- **GIVEN DATA**:
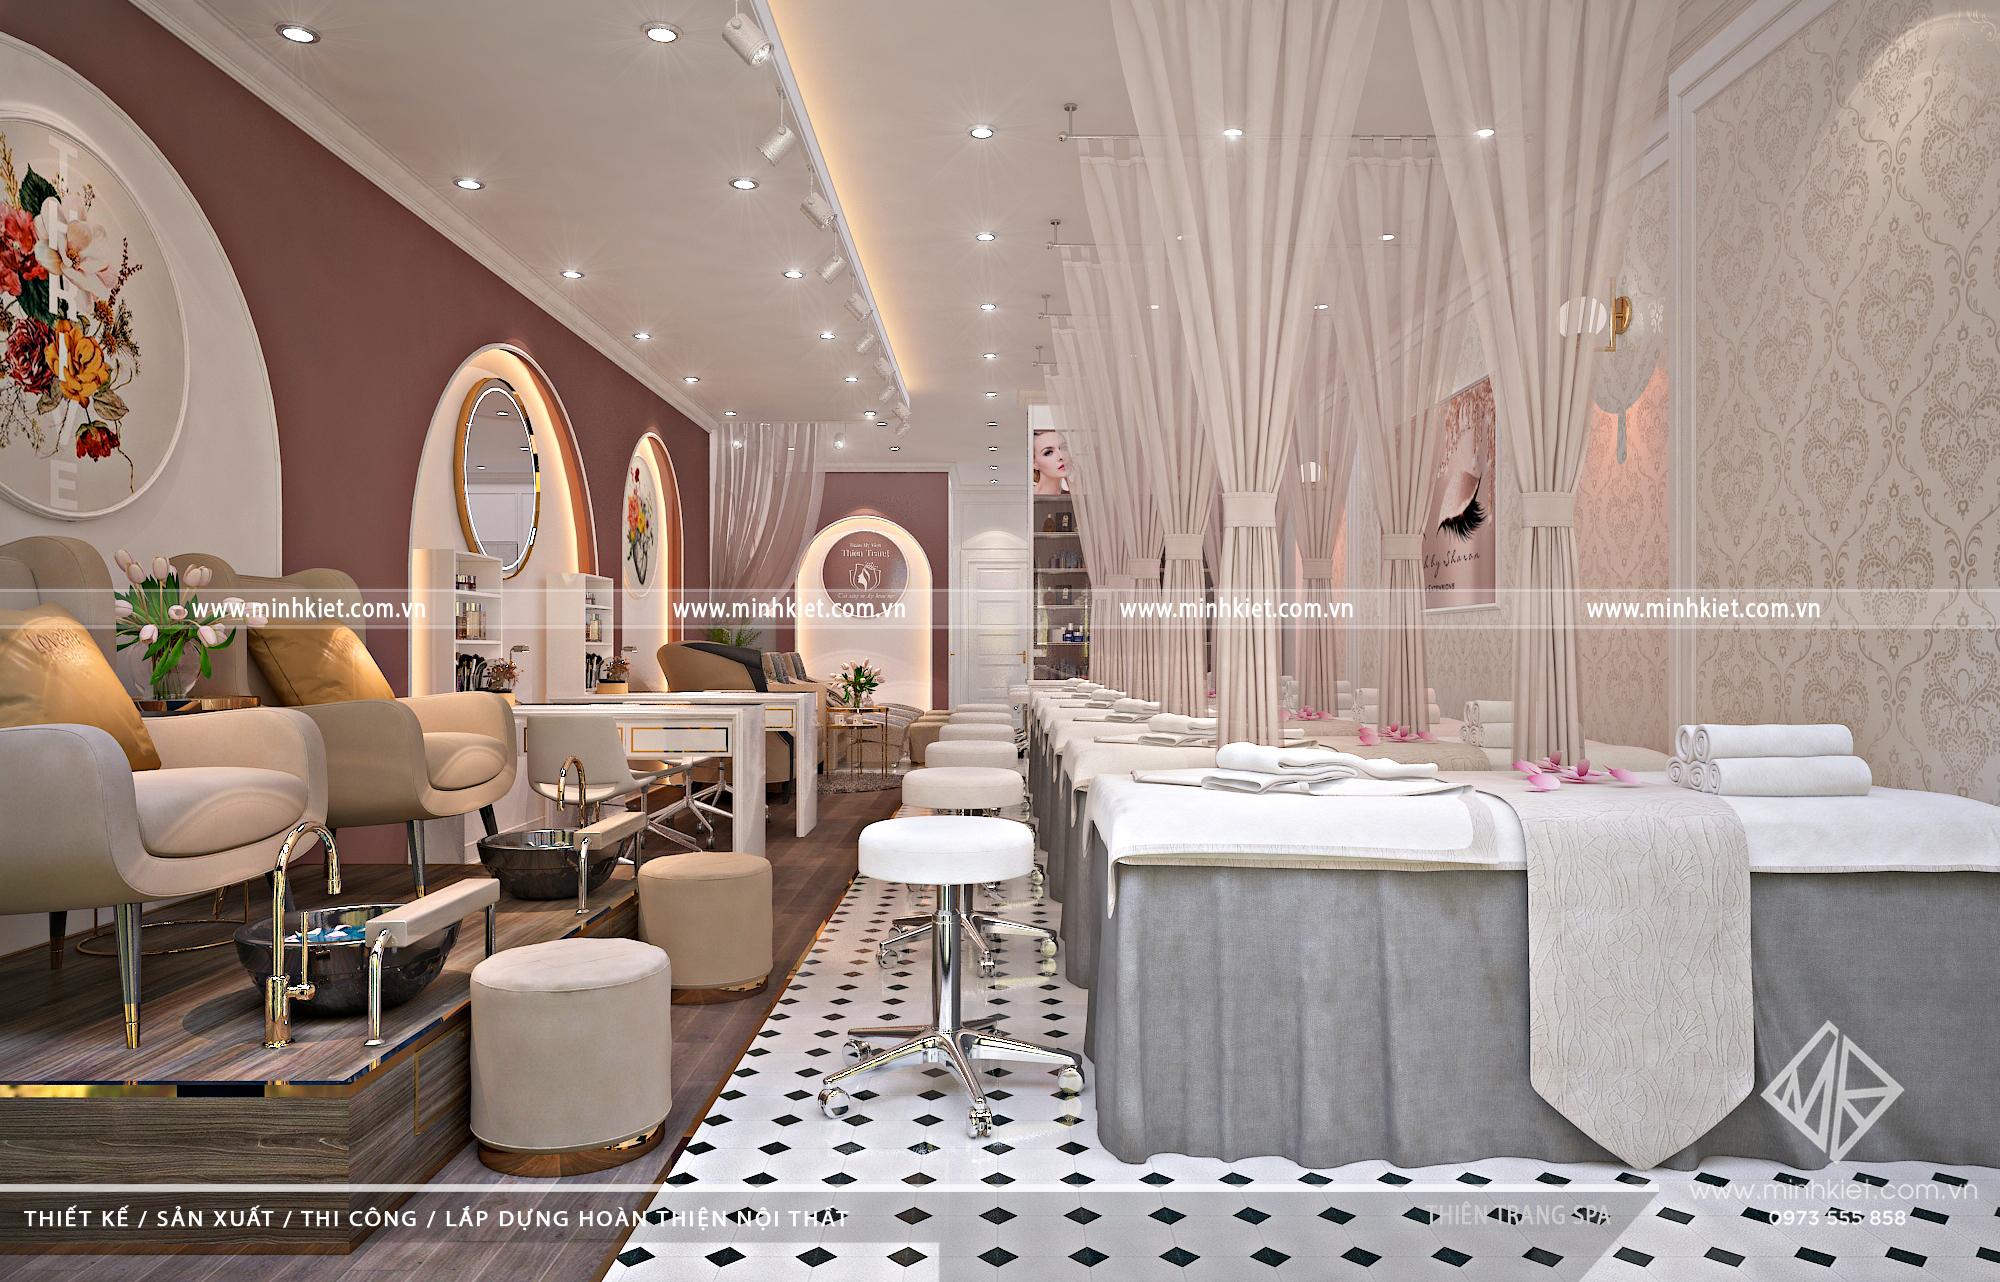 Thiết kế Spa Thiên Trang - Thiết Kế Nội Thất Spa Hiện Đại
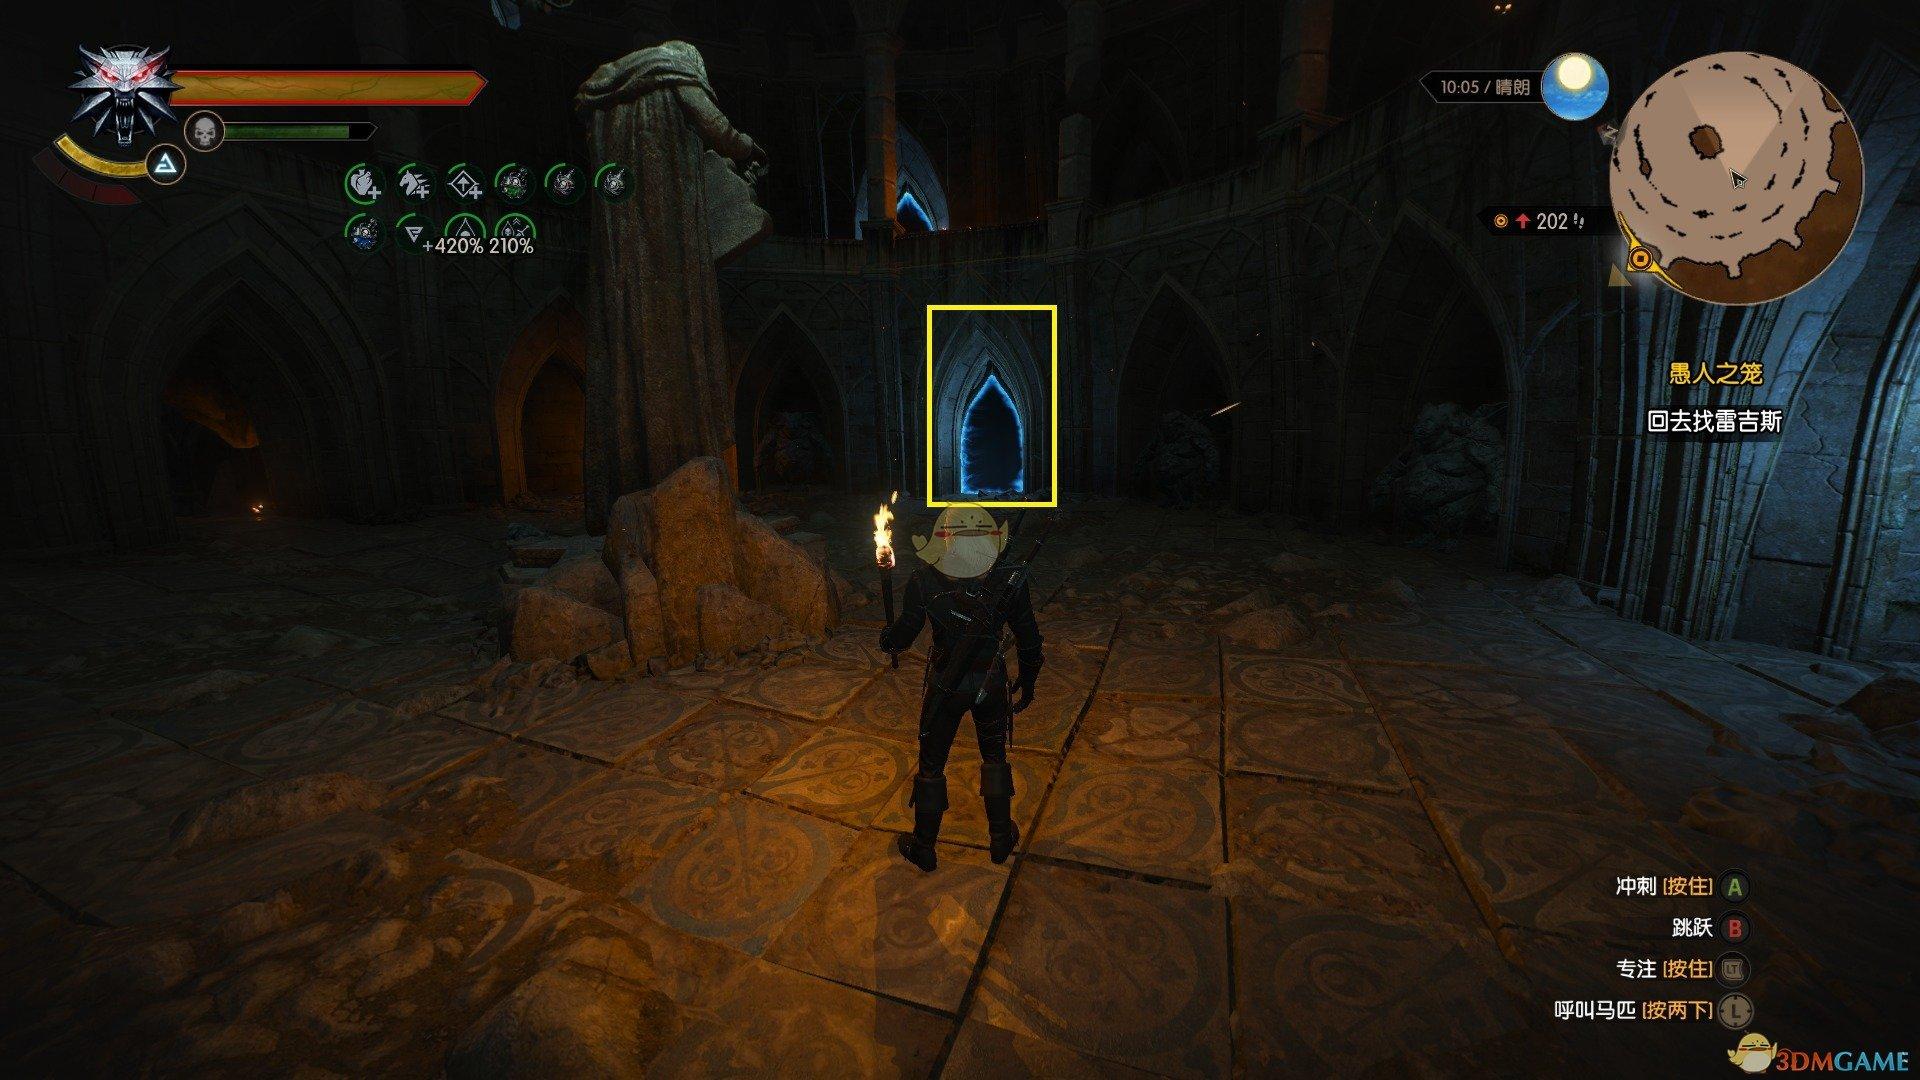 《巫师3:狂猎》血与酒DLC获得蛋糕走法分享
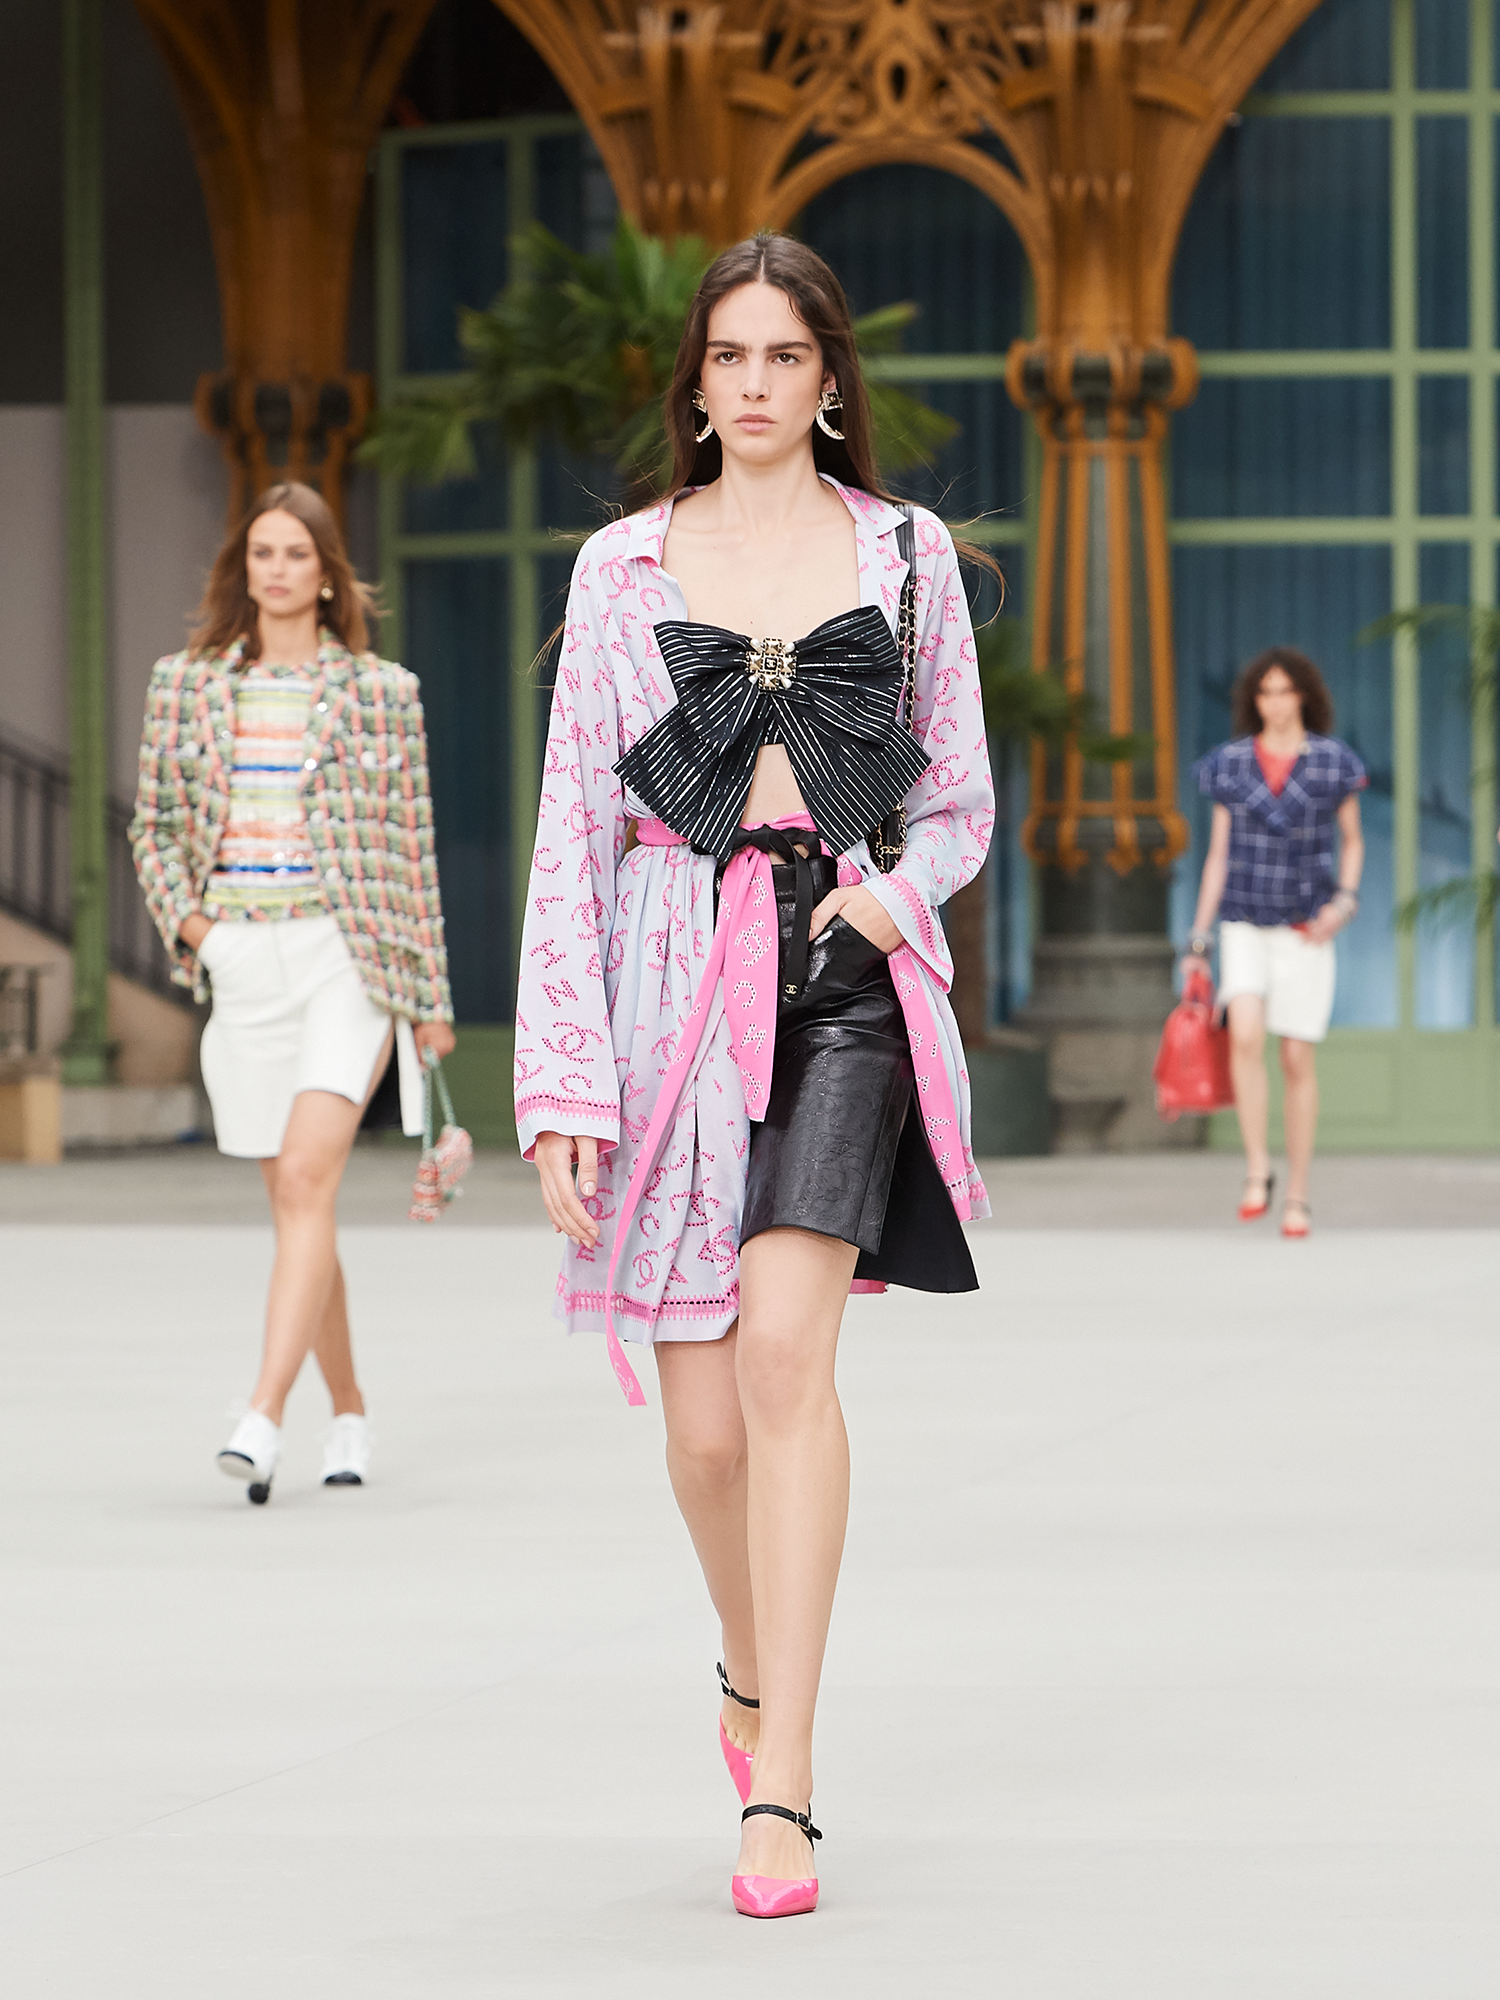 Pin de Ella Renzi em Vestidos | Ideias fashion, Vestidos

- **EXERCISE**: Everything in the material except the pictures should be restated word for word.

- **RESPONSE TO THE EXERCISE**:
 Thiết kế Spa Thiên Trang - Thiết Kế Nội Thất Spa Hiện Đại
 《巫师3:狂猎》血与酒DLC获得蛋糕走法分享
 Pin de Ella Renzi em Vestidos | Ideias fashion, Vestidos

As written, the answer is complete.